I am in need of desperate help. I am using a PHP calendar script. I am trying to display an image for each date in the calendar.

 

See my attempt here:

 

http://proudcabaret.com/calendar/calendar.php?month=11&year=2009

 

Its not quite right. The image is called "promoimage" in the table.
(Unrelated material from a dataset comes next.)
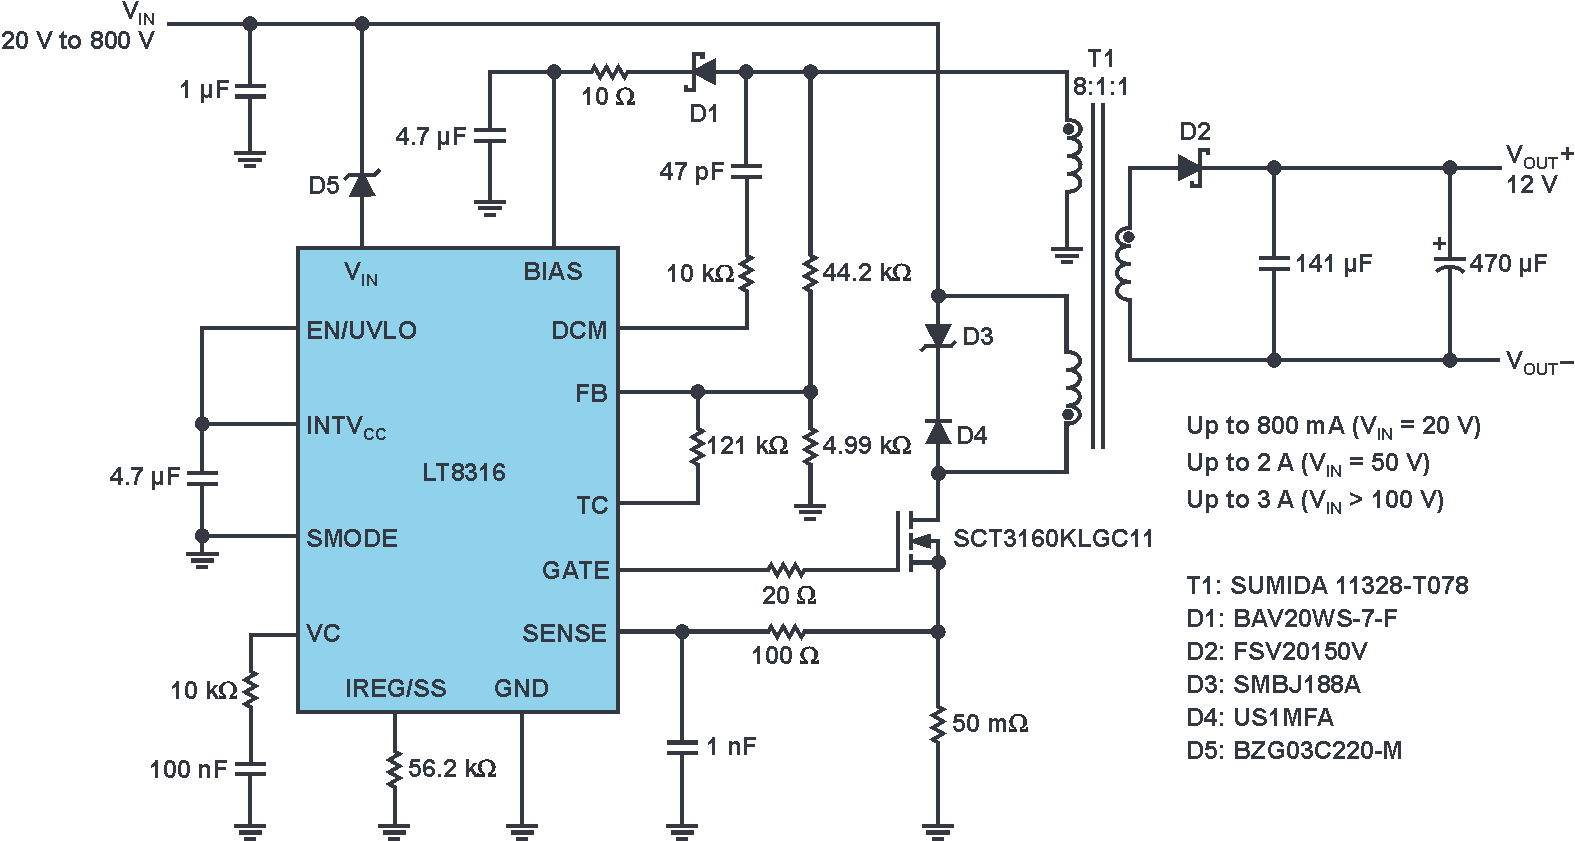 A complete 12 V isolated flyback converter for a wide input from 20 V to 800 V with a minimum start-up voltage of 260 V.

My code is as follows:

 

<?

include('admin/dbconn.php');
include('functions/functions.php');

include('header.php');

$query= 'SELECT * FROM calendar_event ORDER BY day';
$result=mysql_query($query);
$num=mysql_numrows($result);

$type = CAL_GREGORIAN;

$month = $_GET['month'];
if(!$_GET['month']) { $month = date('n'); } // Month ID, 1 through to 12.

$year = $_GET['year'];
if(!$_GET['month']) { $year = date('Y'); } // Year in 4 digit 2009 format.

$today = date('Y/n/d');

$day_count = cal_days_in_month($type, $month, $year); // Get the amount of days in the chosen month to give to our function.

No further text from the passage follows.